▸ **Exercise**:
In your reply, reproduce the lines from the first one below to the line containing "Animated Desktop Wallpaper", inclusive, exactly as they stand.
------------------------------------------------------------------------
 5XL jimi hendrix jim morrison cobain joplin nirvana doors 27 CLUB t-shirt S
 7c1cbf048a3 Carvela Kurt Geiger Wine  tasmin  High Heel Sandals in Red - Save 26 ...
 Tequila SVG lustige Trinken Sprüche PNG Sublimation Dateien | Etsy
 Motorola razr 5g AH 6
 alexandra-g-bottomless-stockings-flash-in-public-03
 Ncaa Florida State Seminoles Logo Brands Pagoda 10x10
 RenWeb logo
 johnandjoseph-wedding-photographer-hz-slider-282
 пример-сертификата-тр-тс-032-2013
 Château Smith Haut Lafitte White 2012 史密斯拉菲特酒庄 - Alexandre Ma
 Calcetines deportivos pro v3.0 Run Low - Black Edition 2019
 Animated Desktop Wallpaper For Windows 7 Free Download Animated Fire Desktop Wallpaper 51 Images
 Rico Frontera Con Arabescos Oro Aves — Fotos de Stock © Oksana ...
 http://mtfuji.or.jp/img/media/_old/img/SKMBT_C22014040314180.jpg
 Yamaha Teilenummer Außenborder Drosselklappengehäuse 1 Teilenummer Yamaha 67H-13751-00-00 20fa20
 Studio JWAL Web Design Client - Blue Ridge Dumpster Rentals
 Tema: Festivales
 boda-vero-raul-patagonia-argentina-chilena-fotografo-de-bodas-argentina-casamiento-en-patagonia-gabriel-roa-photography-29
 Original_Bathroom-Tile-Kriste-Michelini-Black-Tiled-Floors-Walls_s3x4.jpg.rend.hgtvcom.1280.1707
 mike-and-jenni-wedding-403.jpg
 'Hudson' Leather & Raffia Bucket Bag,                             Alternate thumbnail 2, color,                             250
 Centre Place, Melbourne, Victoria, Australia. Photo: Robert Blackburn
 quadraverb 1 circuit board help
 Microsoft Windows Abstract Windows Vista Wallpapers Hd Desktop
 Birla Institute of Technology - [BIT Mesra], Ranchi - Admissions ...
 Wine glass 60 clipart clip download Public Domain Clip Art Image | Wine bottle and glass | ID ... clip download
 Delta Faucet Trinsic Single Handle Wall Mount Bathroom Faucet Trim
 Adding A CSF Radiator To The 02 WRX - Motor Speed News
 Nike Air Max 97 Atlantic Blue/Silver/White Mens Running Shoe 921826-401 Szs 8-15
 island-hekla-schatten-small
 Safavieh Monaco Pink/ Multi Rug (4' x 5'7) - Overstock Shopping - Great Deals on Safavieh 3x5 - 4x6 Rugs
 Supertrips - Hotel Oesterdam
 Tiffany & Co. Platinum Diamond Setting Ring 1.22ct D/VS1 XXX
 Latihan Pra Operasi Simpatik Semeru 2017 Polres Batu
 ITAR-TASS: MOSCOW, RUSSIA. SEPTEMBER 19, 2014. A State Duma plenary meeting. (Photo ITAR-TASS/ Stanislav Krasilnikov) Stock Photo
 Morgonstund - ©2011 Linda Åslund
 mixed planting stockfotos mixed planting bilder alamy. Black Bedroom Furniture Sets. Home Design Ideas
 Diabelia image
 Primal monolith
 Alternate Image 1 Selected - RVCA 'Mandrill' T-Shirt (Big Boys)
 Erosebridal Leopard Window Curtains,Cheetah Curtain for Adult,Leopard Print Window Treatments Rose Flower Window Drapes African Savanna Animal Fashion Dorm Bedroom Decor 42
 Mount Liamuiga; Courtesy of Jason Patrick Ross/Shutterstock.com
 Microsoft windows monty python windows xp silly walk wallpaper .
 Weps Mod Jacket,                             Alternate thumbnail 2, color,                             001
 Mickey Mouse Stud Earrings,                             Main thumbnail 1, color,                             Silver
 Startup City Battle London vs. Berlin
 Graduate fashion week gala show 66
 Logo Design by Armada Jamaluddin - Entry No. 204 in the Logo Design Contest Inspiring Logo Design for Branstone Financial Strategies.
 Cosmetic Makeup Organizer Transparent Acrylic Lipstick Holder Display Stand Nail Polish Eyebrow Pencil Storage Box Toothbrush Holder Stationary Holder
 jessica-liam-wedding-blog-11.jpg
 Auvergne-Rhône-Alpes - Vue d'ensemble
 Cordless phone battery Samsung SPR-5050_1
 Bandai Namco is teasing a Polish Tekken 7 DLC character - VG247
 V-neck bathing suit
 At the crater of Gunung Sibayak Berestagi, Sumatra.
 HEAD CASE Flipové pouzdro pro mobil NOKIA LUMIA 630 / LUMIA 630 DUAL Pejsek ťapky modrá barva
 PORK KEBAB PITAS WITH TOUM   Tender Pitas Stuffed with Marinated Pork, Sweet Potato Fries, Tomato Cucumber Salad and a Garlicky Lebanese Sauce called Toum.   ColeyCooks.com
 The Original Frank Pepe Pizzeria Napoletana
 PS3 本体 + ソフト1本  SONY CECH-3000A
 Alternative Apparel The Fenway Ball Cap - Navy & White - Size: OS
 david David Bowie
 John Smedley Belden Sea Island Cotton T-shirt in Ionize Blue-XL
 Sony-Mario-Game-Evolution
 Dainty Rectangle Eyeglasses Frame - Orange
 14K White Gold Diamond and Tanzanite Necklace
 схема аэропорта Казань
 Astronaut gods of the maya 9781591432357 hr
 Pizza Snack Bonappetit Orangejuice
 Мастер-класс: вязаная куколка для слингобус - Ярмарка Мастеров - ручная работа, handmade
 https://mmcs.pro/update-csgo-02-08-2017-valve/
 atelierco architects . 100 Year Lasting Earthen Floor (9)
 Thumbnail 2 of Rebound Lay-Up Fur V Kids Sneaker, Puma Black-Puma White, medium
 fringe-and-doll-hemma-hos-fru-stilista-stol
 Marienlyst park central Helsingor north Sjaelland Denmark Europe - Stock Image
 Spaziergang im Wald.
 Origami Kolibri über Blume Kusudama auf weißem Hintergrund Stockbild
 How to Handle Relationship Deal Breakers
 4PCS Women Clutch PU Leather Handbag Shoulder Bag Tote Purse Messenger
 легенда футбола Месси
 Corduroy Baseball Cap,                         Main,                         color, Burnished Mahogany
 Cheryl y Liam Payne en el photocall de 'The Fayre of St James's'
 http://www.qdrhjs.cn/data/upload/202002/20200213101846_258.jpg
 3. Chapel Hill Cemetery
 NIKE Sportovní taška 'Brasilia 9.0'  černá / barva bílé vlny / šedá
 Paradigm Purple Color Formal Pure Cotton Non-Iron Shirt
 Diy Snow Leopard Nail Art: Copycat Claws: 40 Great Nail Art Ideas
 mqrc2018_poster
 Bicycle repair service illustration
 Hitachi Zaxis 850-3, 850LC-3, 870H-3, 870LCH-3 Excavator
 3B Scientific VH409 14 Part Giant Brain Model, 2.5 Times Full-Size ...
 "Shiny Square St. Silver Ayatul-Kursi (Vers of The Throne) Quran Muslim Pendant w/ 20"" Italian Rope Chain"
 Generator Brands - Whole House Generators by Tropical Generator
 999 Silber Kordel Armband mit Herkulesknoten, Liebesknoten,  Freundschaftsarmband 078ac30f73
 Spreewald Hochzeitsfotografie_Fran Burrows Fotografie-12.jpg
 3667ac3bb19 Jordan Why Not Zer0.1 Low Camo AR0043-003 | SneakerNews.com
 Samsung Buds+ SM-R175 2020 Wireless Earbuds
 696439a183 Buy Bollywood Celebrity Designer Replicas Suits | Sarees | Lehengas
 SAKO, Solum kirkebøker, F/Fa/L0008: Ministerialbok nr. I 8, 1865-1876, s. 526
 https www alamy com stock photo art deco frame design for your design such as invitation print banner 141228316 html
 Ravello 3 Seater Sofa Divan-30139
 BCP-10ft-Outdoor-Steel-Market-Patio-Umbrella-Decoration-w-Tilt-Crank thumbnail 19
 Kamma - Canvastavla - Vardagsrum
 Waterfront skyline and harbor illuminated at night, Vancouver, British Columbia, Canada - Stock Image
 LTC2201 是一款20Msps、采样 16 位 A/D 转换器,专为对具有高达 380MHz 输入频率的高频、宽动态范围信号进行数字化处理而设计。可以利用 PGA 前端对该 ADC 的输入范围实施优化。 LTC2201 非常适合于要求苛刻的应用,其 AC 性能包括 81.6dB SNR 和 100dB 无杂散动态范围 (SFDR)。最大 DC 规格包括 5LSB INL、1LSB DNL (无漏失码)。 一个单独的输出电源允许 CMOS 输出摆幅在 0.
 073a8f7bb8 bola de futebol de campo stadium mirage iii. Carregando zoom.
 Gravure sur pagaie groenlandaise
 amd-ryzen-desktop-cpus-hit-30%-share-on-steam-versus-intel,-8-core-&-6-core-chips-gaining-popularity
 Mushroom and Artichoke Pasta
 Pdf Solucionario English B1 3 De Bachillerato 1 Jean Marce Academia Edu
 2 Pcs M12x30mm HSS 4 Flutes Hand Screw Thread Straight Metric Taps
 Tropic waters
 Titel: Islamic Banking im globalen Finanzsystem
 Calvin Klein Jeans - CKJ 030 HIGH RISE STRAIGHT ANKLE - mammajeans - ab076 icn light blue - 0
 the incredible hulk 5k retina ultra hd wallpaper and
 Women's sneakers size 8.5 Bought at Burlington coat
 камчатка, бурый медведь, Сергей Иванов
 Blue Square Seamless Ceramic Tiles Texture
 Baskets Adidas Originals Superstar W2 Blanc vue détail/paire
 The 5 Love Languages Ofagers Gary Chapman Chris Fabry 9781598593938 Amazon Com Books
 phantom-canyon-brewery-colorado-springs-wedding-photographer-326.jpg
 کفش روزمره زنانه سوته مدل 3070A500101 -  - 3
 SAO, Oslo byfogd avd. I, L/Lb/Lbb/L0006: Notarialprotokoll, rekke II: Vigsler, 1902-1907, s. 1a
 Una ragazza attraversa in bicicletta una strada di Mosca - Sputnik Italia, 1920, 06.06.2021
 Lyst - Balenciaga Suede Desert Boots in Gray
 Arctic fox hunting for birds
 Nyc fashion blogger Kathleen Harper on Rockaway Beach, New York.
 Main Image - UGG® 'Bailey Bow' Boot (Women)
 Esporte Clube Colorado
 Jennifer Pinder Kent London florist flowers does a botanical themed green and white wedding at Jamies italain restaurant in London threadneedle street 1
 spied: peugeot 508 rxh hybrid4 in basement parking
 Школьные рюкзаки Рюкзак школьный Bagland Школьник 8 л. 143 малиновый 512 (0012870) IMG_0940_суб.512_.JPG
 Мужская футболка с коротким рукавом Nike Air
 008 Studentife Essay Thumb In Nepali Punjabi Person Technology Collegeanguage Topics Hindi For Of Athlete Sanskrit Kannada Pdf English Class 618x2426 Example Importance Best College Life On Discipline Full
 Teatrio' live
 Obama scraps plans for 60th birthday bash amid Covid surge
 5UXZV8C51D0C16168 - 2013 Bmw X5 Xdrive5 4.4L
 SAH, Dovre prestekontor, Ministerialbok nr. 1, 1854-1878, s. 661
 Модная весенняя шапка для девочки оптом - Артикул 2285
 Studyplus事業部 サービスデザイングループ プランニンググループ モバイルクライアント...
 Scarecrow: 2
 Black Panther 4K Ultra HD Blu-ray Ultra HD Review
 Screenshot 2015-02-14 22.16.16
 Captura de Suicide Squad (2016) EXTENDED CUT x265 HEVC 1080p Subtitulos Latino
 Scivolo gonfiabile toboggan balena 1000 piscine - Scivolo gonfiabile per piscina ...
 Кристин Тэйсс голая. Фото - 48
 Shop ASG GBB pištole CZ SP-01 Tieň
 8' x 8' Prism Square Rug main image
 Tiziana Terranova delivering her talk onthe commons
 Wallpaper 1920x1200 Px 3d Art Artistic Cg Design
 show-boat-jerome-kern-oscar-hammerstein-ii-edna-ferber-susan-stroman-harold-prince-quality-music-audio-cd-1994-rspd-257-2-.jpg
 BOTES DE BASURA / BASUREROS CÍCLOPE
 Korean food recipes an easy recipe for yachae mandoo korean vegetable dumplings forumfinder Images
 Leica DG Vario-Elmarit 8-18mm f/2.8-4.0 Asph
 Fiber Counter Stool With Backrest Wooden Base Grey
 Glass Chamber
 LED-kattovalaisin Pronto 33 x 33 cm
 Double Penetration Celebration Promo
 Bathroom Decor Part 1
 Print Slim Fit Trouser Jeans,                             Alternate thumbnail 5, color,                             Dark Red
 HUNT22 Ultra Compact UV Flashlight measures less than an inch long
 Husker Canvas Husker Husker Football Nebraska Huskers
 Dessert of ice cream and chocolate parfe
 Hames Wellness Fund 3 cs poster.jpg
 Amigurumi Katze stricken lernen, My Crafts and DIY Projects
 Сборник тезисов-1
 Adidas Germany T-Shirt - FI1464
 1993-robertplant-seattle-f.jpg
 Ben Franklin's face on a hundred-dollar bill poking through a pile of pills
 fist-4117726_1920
------------------------------------------------------------------------
▸ **Reply**:
 5XL jimi hendrix jim morrison cobain joplin nirvana doors 27 CLUB t-shirt S
 7c1cbf048a3 Carvela Kurt Geiger Wine  tasmin  High Heel Sandals in Red - Save 26 ...
 Tequila SVG lustige Trinken Sprüche PNG Sublimation Dateien | Etsy
 Motorola razr 5g AH 6
 alexandra-g-bottomless-stockings-flash-in-public-03
 Ncaa Florida State Seminoles Logo Brands Pagoda 10x10
 RenWeb logo
 johnandjoseph-wedding-photographer-hz-slider-282
 пример-сертификата-тр-тс-032-2013
 Château Smith Haut Lafitte White 2012 史密斯拉菲特酒庄 - Alexandre Ma
 Calcetines deportivos pro v3.0 Run Low - Black Edition 2019
 Animated Desktop Wallpaper For Windows 7 Free Download Animated Fire Desktop Wallpaper 51 Images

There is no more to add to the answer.